Sample a tensor of probability distributions

I want to sample a tensor of probability distributions with shape (N, C, H, W), where dimension 1 (size C) contains normalized probability distributions with ‘C’ possibilities. Is there a way to efficiently sample all the distributions in the tensor in parallel?

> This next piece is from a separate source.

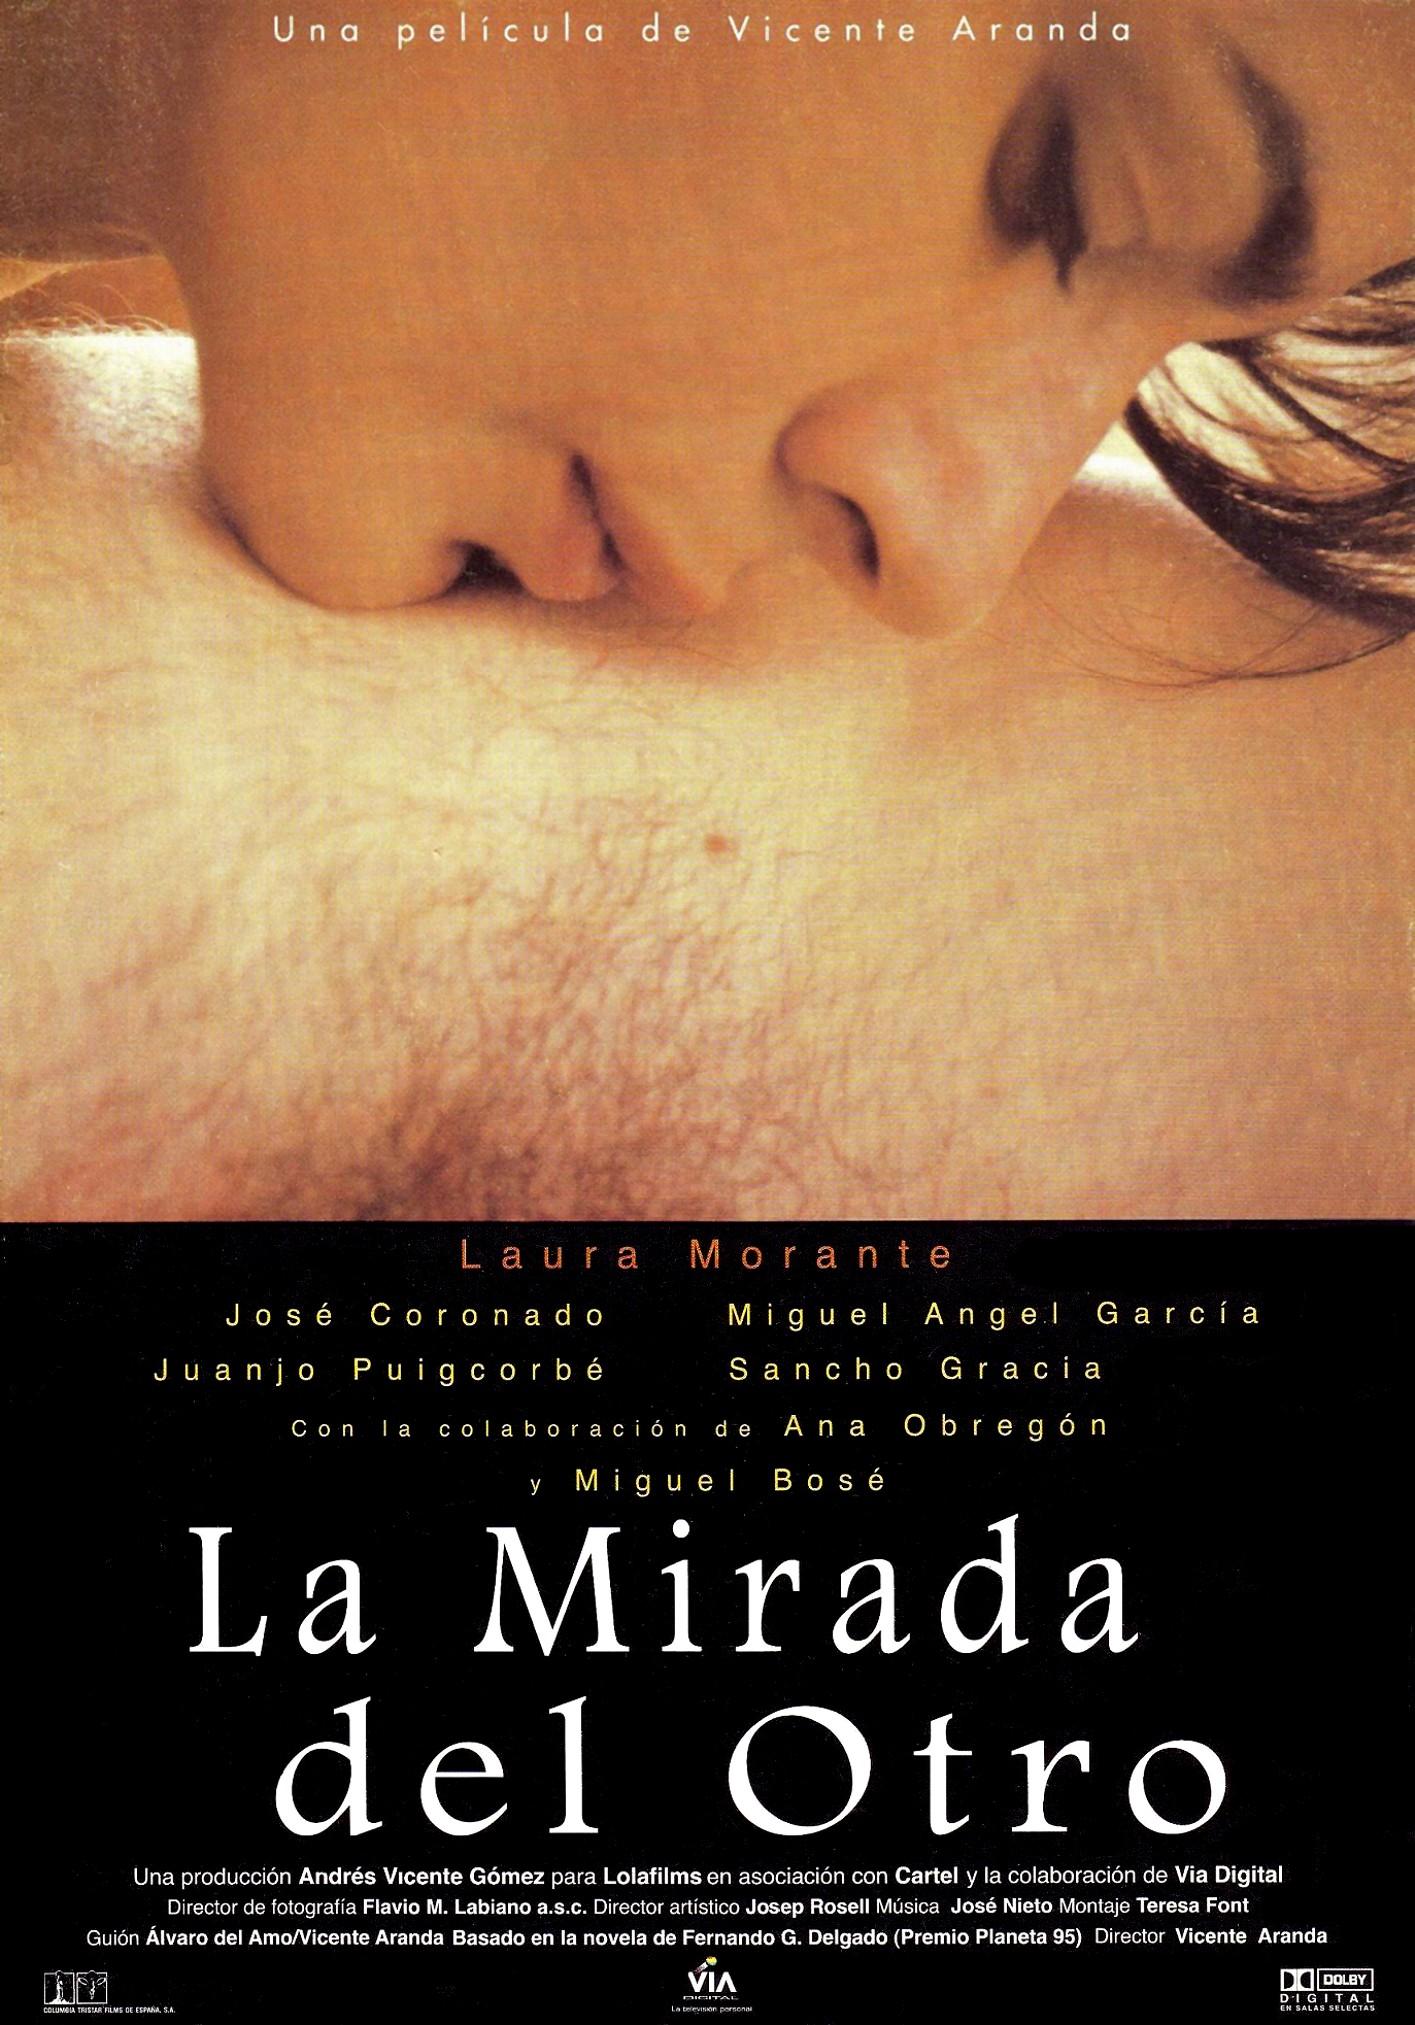 Re Полнометражные эротические фильмы разных лет.

I just need to sample each distribution once, so the result could either be a one-hot tensor with the same shape or a tensor of indices with shape (N, 1, H, W).

Hi Learned!

Yes, you can use torch.distributions.Categorical, provided you
adjust your distributions tensor so that its last dimension is the distribution
dimension.

Here is an example script:

import torch
print (torch.__version__)

_ = torch.random.manual_seed (2021)

N = 2
C = 3
H = 5
W = 7

probs = torch.randn (N, C, H, W).softmax (1)
print ('probs = ...')
print (probs)
print ('probs.sum (1) = ...')
print (probs.sum (1))

sample = torch.distributions.Categorical (probs = probs.transpose (1, -1)).sample().transpose (-1, -2).unsqueeze (1)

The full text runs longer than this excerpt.